Build-before-spec temptation — Jumping to implementation before the spec is sound: the library’s own thesis, violated on its own tooling. Observed: the guided tool was nearly coded before it was spec’d; spec-first then caught eight foundational holes before a line of code. Spec-first was not faster up front — consistent with the thesis, whose payoff is correctness and cheap regeneration, not first-draft speed.
Mitigation (in place): Design-doc-before-code for internal tooling; internal tooling is not exempt from the methodology. The temptation recurs precisely when the team is moving fast and confident — which is this entry’s reason to exist.
5. Project & Operational Risks (category added 2026-06-11)

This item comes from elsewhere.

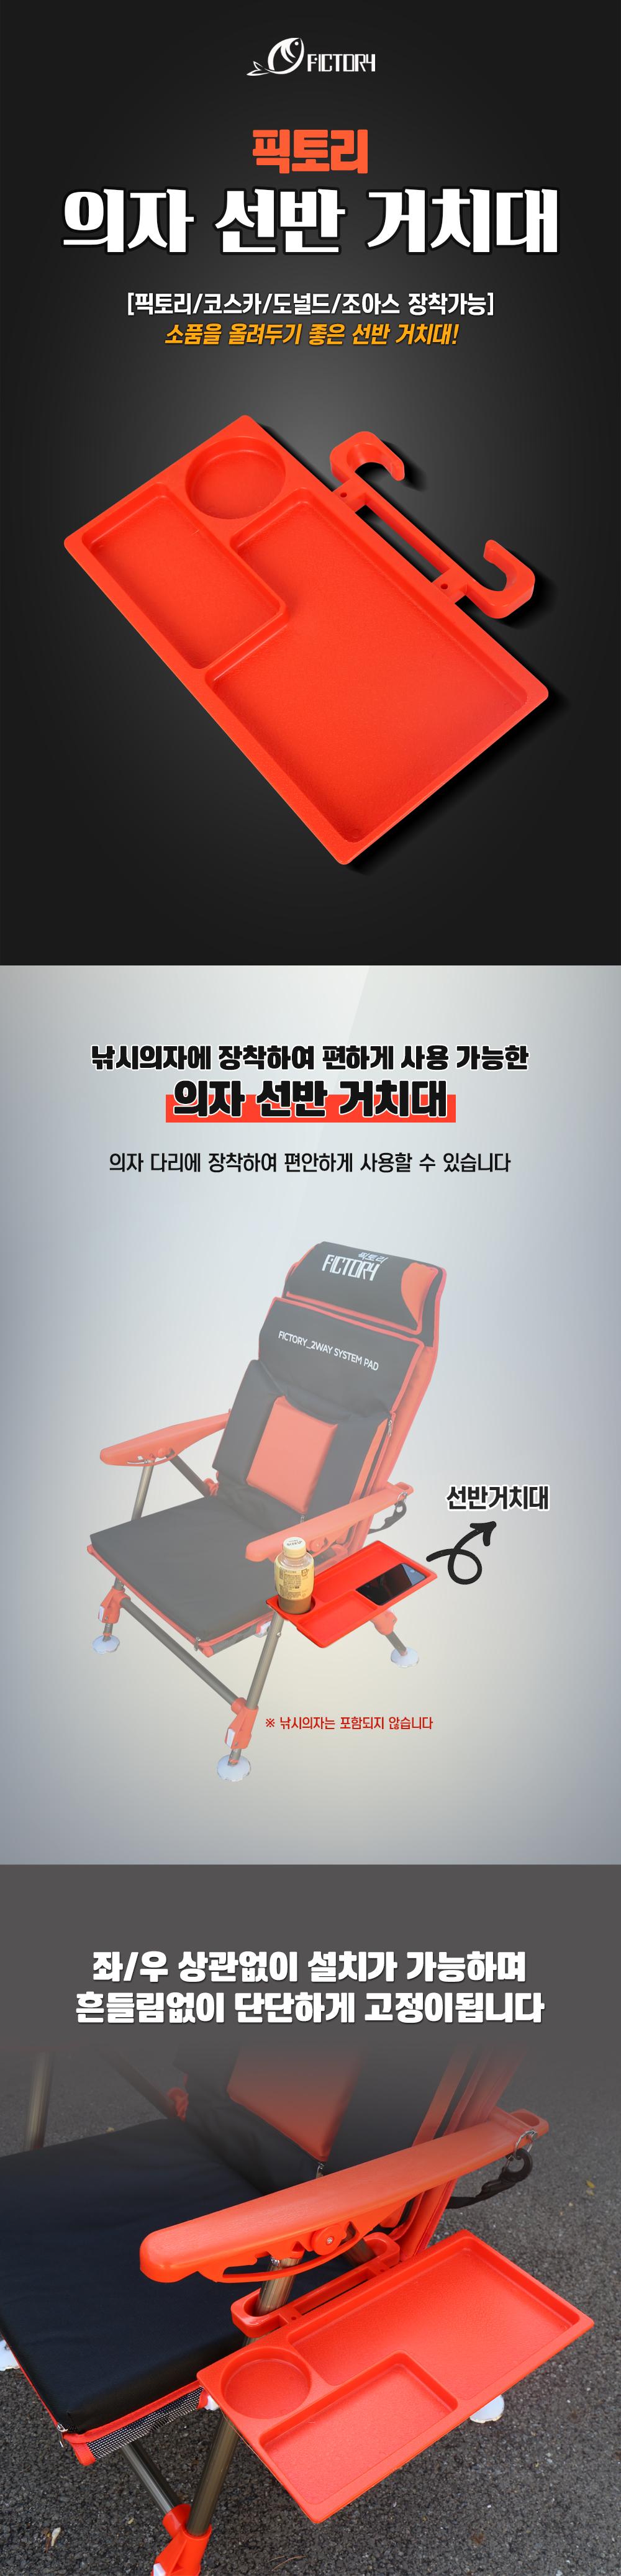 픽토리 의자 선반 거치대 의자사이드선반 의자선반 의자선반거치대 의자거치대선반 선반

Public/private boundary fragility (moat exposure) — The commercial track (the discovery engine; future paid tooling) is separated from the public repo by a single uncommitted, machine-local git exclusion that does not travel with clones — any fresh checkout is unprotected — and the private directory is absent from the site generator’s exclusion list, so if it were ever tracked it would also publish to the live site. Two armed switches, both single-point. Observed: a non-secret document was once published to the live site by exactly the tracked-versus-published confusion.
Mitigation (in place): The tracked-but-unpublished split (git-tracked and site-excluded) for working notes; the private directory is engine-only and excluded from both git (machine-local exclude) and the site generator. (considered and declined, 2026-06-11): a private repository and a monorepo-encrypted variant (git-crypt over internal/**) were both weighed; the maintainer declined the second-repo maintenance burden and the encryption tooling. (gap, accepted): the engine has no version history and no off-machine copy — a disk failure, or a careless git add -A on a fresh clone where the machine-local exclude does not exist, remains the exposure. Accepted knowingly; this register keeps it honest. (resolved 2026-06-11): the guided tool’s queue re-homed to tools/guide/queue/ (tracked, site-excluded via tools/) — internal/ stays engine-only and untracked.
Register rot (this document) — A risk register with no owner and no cadence rots into the quiet fiction it warns about; this register ran without either until 2026-06-11.
Mitigation (in place as of 2026-06-11): The ownership-and-cadence header; dated re-assessments; absorbed working notes recorded by date.